Several major players already moved to the federal side. During December 2025, the OCC awarded conditional national trust bank charters to Circle, Paxos, Ripple, BitGo, and Fidelity. Circle received its charter as "First National Digital Currency Bank" and is also pursuing a New York trust charter. Paxos and Fidelity converted their New York state trust charters to OCC charters.
Foreign Issuers, Bankruptcy Risks, and Unresolved Questions
Foreign stablecoin issuers can serve US businesses only if Treasury issues a reciprocity determination. As of May 2026, Tether - which operates from El Salvador - has not received such a determination. Tether announced plans to use the Act's foreign issuer pathway and separately introduced USAT, a stablecoin tailored to meet GENIUS Act requirements and focused on the US market.

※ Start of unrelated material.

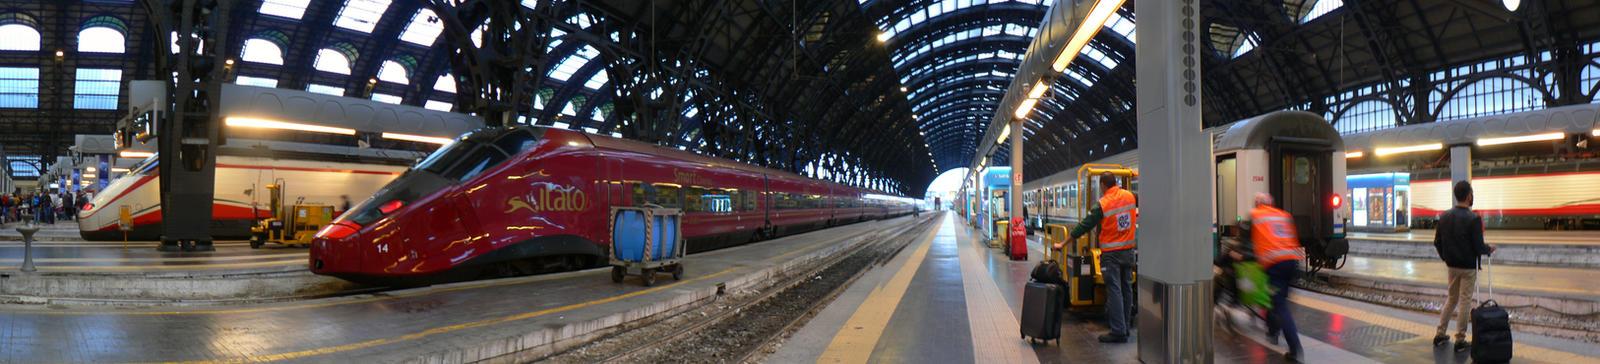 Milano  Train station Centrale by GBLXVIII

The law also includes "superpriority" language that aims to protect stablecoin holders in bankruptcy. But Georgetown Law professor Adam Levitin argued that this language may actually place holders behind secured creditors. A Georgetown Law analysis noted that the Act "bets that these reserve forms, even in the hands of new or inexperienced issuers, cannot be mismanaged in ways that harm consumers." That bet may be tested if an issuer fails.
What to Watch
The three-year safe harbor for existing stablecoin offerings runs until July 18, 2028.